Specification of the break point in chromosome 12. The aberrations of cases 1, 2, and 3 were further studied with locus-specific FISH. Cases 1 and 2 showed large deletions of chromosome 12, del(12)(q15q15)(q21.1 q24), and del(12)(q12q21), respectively (Fig. 2). The balanced translocation of case 3 was within the minimal common region of deletions in cases 1 and 2, and divided the signal of YAC 855F7 between chromosomes 12 and 18 (Fig. 2), enabling us to fine map the gene affected. The YAC 855F7 is part of the YAC contig WC12.4 (NCBI)10 and spans the region between markers CHLC.GATA65A12 and WI-6487. Four overlapping BAC probes, RP11-781A6, RP11-494K17, RP11-136F16, RP11-36P3, each with a marker represented in the YAC 855F7 by PCR analysis (SHGC-155034, G62498, SHGC-79622, D12S2006, respectively), were further used.

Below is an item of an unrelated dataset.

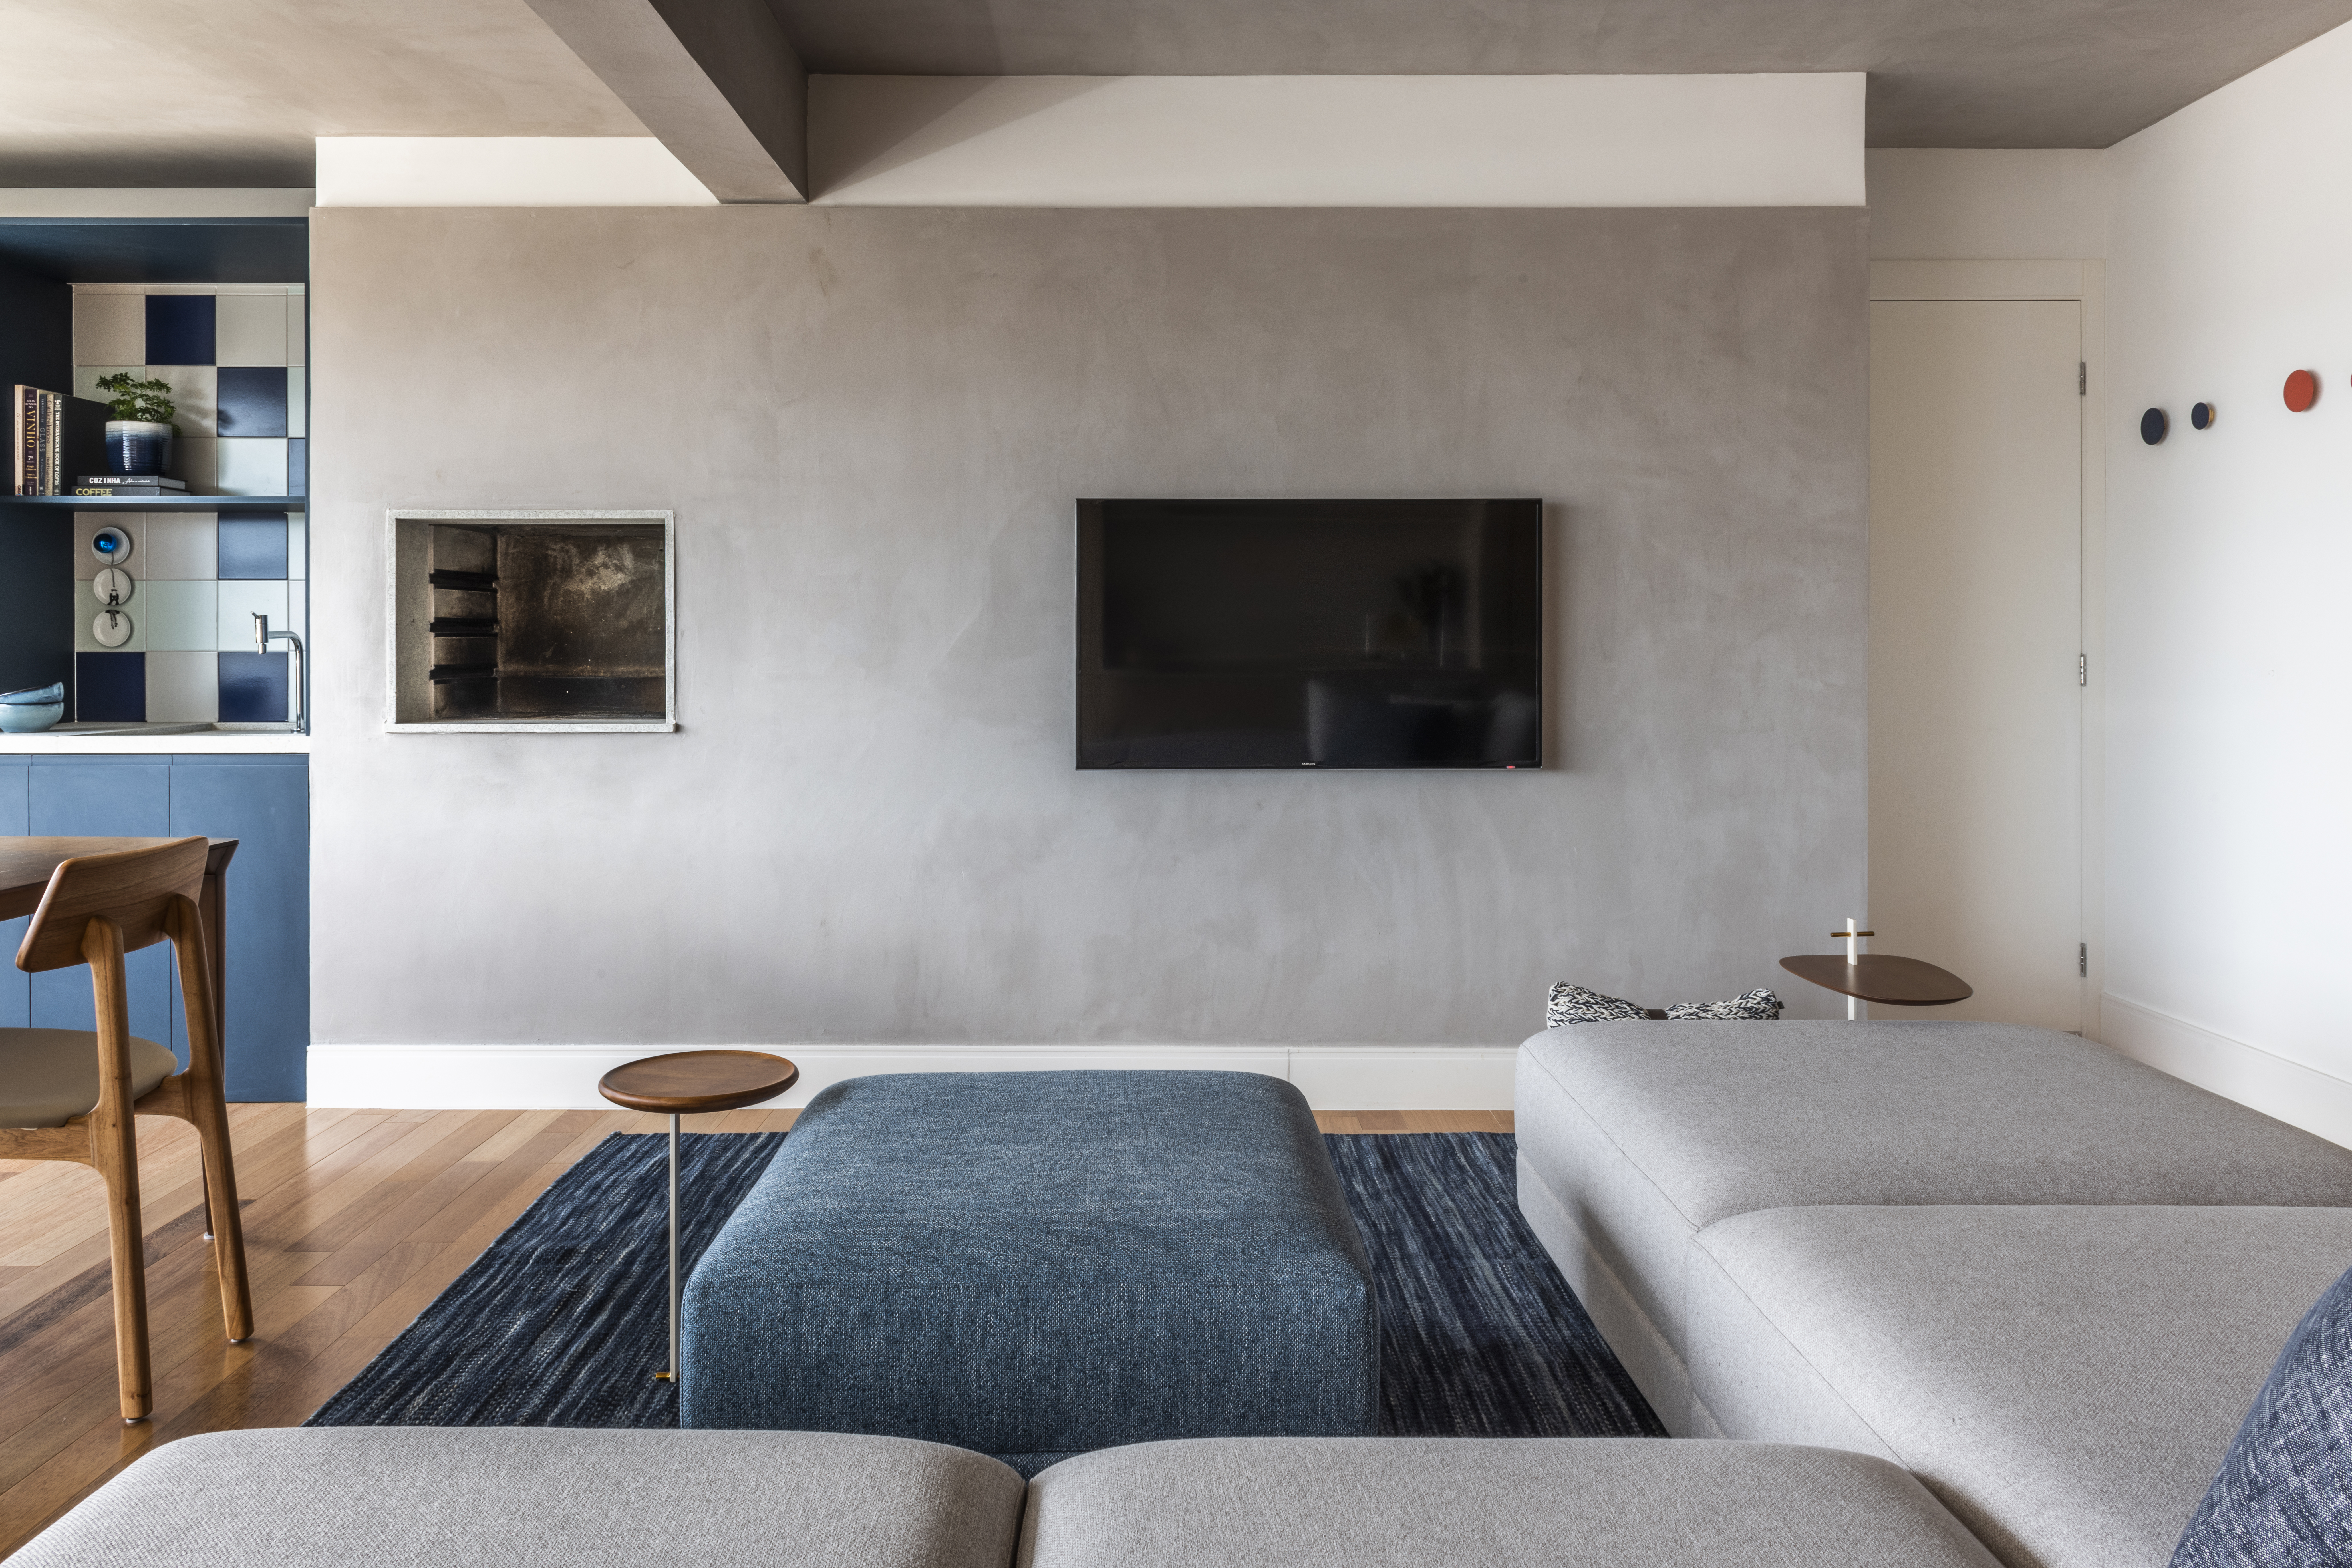 Apartamento de 130m² com projeto de M² Arquitetura. Na foto, sala de estar com sofá cinza, pufe azul e parede de cimento queimado.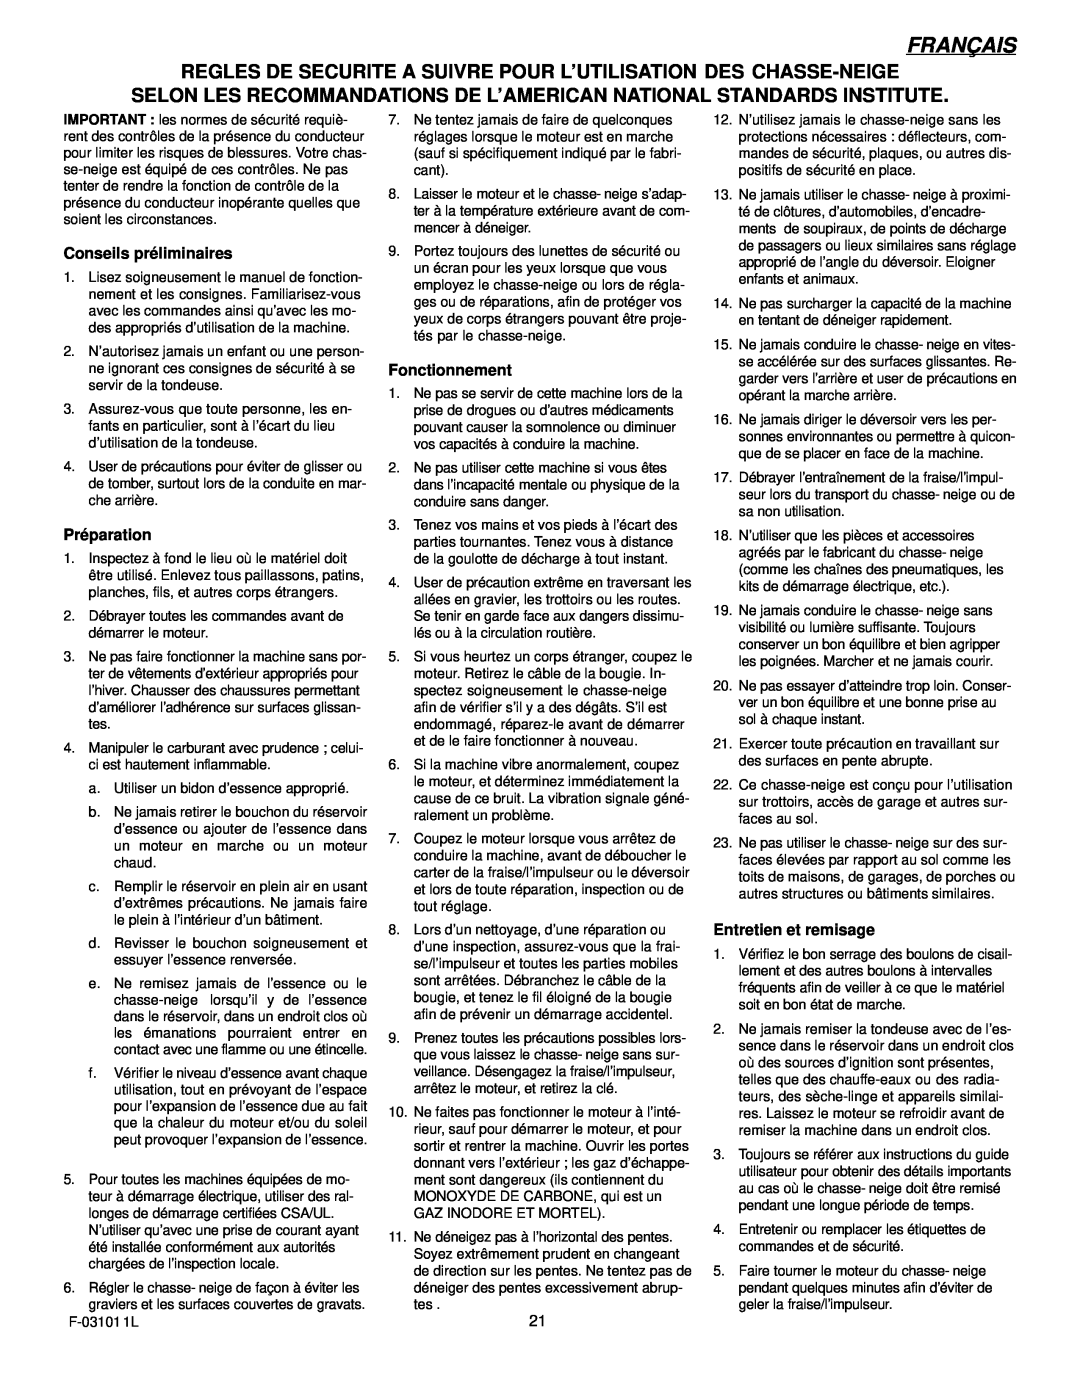 Murray 624504x4C manual Français, Conseils préliminaires, Préparation, Fonctionnement, Entretien et remisage

Signal division in FISH analyses indicated that the translocation break point lies within BAC probes RP11-494K17 and 136F16 (Fig. 2), which both contain parts of the NAV3 gene (genomic contig NT_019546) disrupted by the translocation (Fig. 3). No other mapped genes or expressed sequence tags were located in the translocation break point.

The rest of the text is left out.